Thursday, August 22, 2013

Swimming with the monsters of the Sargasso Sea













Stay on the boat! That simple command never leaves the sailor’s mind while at sea.

Falling overboard isn’t quite like falling out of a plane without a parachute. You may live. Yet your chances rapidly decrease in offshore conditions, where the boat is moving quickly, the waves are big, and, very likely, the one other crew member capable of rescuing you is fast asleep on their off watch.

Fall overboard and you and Icarus tumbling through the sky have more in common than not.

So there are few stranger – and wildly liberating – sensations than to pause in mid-ocean, hundreds of miles from any harbor and several miles high up over the seabed, and deliberately plunge from your vessel.

We did this a few days after leaving Bermuda, heading into the heart of the Sargasso Sea, where in light winds we drifted and meandered for a week, becoming so lazy, so unambitious, that at some point it became hard to remember we were ultimately meant to cross the Atlantic.

In other words: perfect swimming conditions.

We were over the abyssal plain that covers most of the mid-Atlantic. The chart told us that under “Moon River” the ocean dropped a staggering 2,900 fathoms. That’s 3.2 miles of water, or 5.1 kilometers. Or 11 Empire State Buildings end on end.

Somewhere down there, the most secretive animals on Earth – giant squid, lamp fish, eels and the rest – were playing their freakish roles.

But our own attention was fixed on the surface, where the bows of “Moon River” eased through mazes of golden sargassum weed, every clump teeming with its own panoply of monsters – miniature though they may have been.

Histrio-histrio, or the sargassum anglerfish, is “pound for pound your worst nightmare,” says Chris Flook, longtime collector of species at Bermuda’s aquarium. The glum-faced little creature swims and walks around the weed, using fins that end in frog-like webbing or what some suggest amount to fingers. We watched him dispatch a shrimp that we unkindly placed with him in a bucket. The encounter was so rapid that the shrimp simply vanished.

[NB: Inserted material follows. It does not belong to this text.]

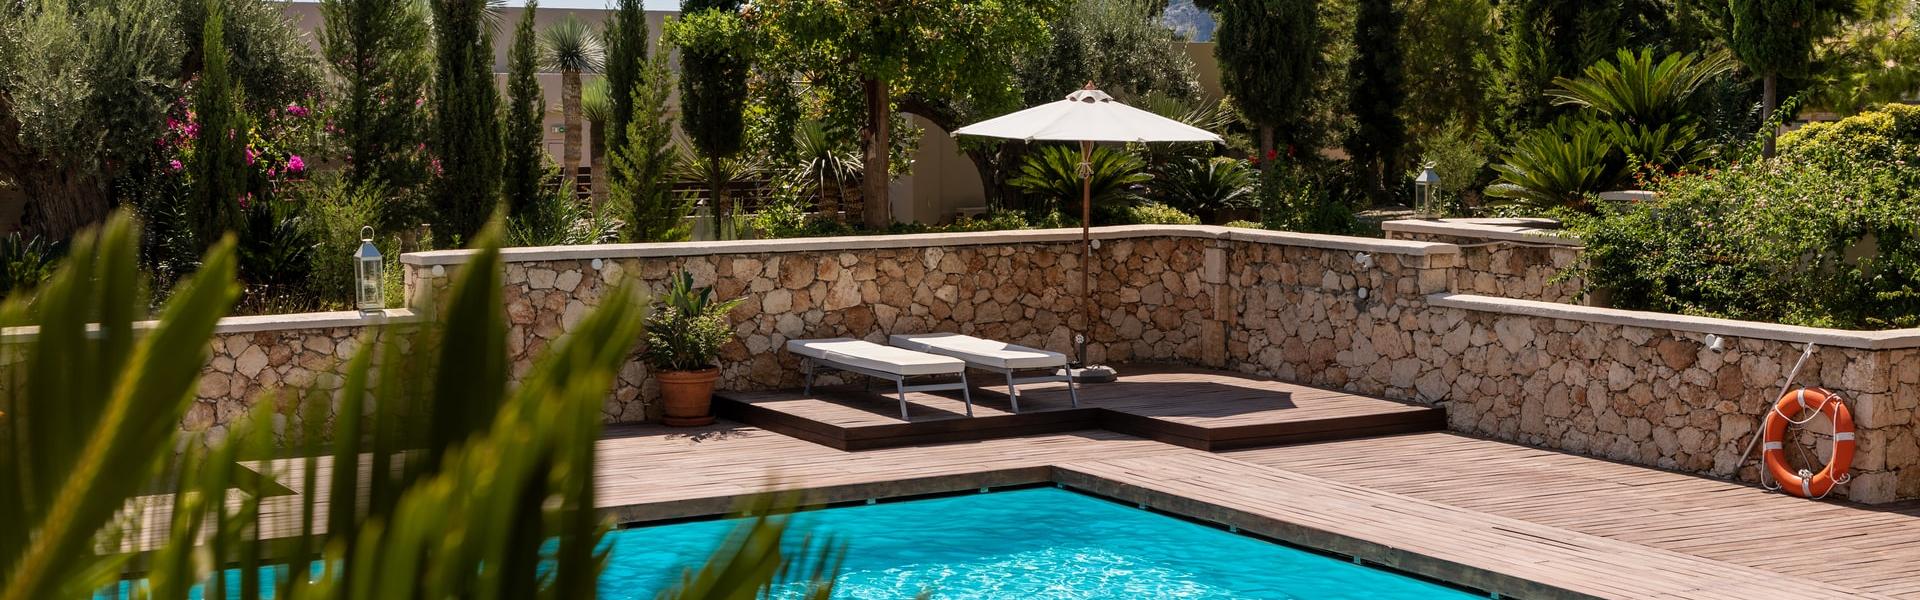 Ferienhaus mit Pool auf Lanzarote - Wimdu

Histrio-histrio: bad tempered and quick



Brief encounter between histrio-histrio and a shrimp...


There were other surprises here: juvenile reef fish that arrived as larvae on the ocean currents and which, when bigger, will leave the nursery and return to their coral homes.

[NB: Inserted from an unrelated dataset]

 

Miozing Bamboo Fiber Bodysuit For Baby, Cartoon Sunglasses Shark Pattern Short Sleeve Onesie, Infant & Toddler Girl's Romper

There was also a crab with a blue underside and white top designed to blend in with the sky when seen from below and to resemble sea bubbles when spotted from above. Many bunches of sargassum also glittered with sticky nets of flying fish eggs…






In legend, the Sargasso Sea trapped whole ships in its weedy embrace and condemned crews to wander this lost world for eternity.

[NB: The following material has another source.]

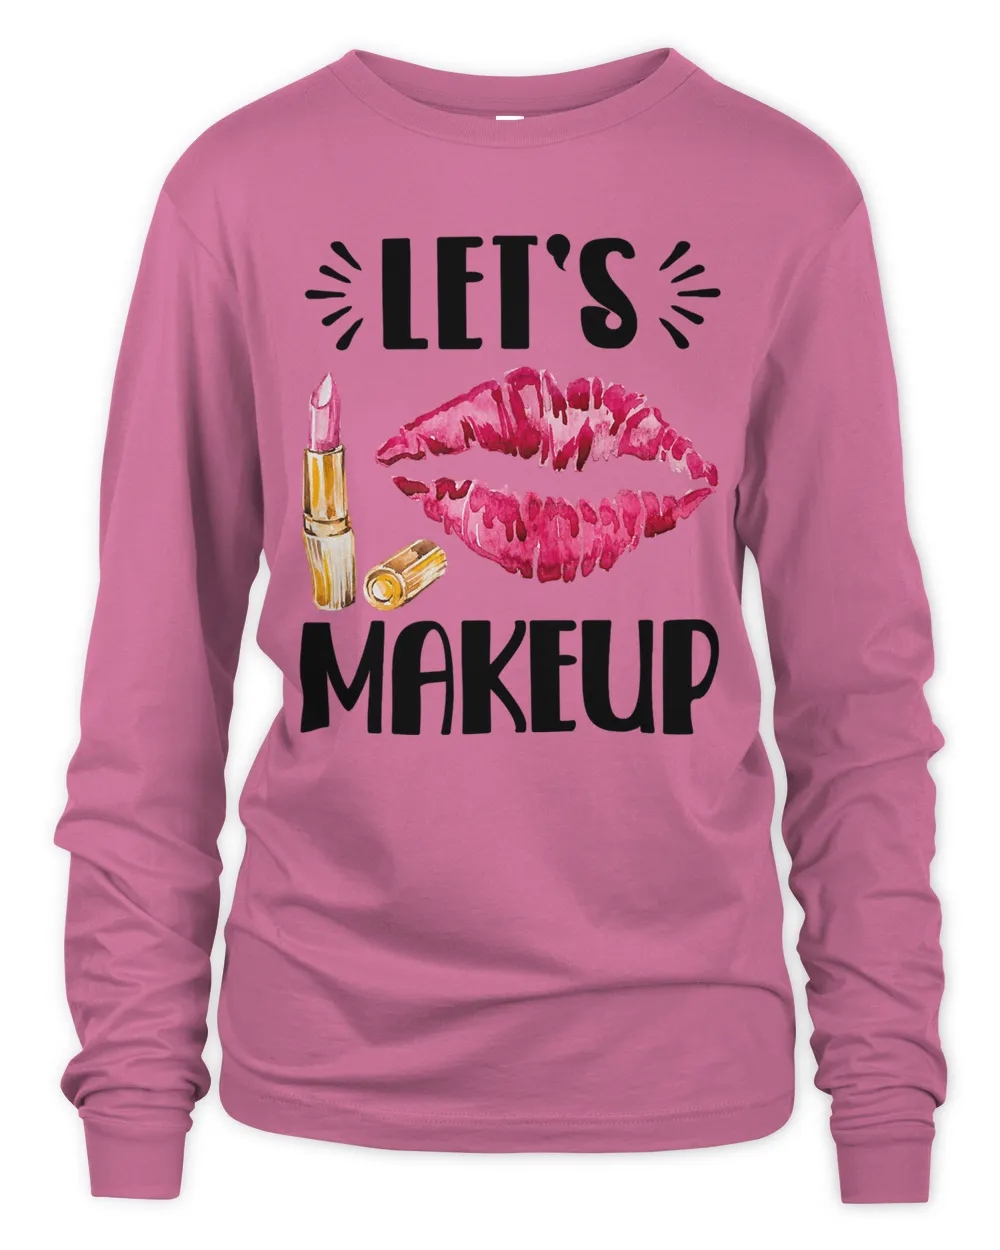 Let's makeup, beautician, cosmetics, Makeup artist

And that’s the exact fate of many of these small marine creatures. They’re in the most curious of predicaments. On their weed rafts, they can safely navigate the high seas, usually the habitat of great athletes like the tuna or dolphin. Yet, being poor swimmers, they can’t afford to step off – death would soon follow.

So it is that these fleets of tangled ships are doomed to drift around the Atlantic, their crews never sighting land and never entering shallow water, much less the rocky foreshore that a crab, for example, would love.

Free, yet imprisoned: they are a lot like us sailors on boats. Well, except we don’t often have to deal with the likes of histrio-histrio.

Now suspended over this world, it was time to jump from our own raft, the tangle of fiberglass, steel, aluminum, bronze and wood we call “Moon River.”

In I went, smashing the ceiling of the ocean. Sunlight tore down with me, descending in vast parallel columns to incredible depths. Holding my breath, I swam further and further under the boat. The water was so clear I had trouble keeping my sense of distance.

When I looked up, I saw the keel and rudder and propeller in perfect detail, as if through a window.




And all around floated sargassum mats, brilliant gold in the light, hanging like chandeliers over my head. They looked bigger now, viewed from underneath.




































Despite having concentrated on learning about the miniature residents of the Sargasso, I was aware that
much larger beasts also frequent these waters. After all, the little attract slightly bigger, and so on. Adele and I took turns: one swam; one kept watch for sharks.

Limited by my lungs, I dove and surfaced, dove and surfaced.

As soon as my head was above water after a dive, I'd become aware of things in an ordinary way. The curve between sky and sea reminded me of the complexity of the world, at once familiar and overwhelming. The sight of “Moon River” drifting away underlined that swimming off your boat in mid-ocean always carries risk.

In fact, each time I surfaced I was surprised at the growing distance to the safety of the boarding ladder. I noted the somewhat anxious expressions of Adele, Zephyr and Looli as they looked down from “Moon River’s” railing.

Underwater, though, everything changed. I felt momentarily as if I could swim forever, that I could follow those sunbeams. Of course, I couldn’t, but a couple times I went down far enough to realize that I didn’t have quite enough breath left for an easy ascent.
















After the swim, we set sail again. But only a few minutes passed before something really big did rise from the bottom of the sea: whales.


Spout visible top left

So perhaps they’d been watching us through that crystal water all along.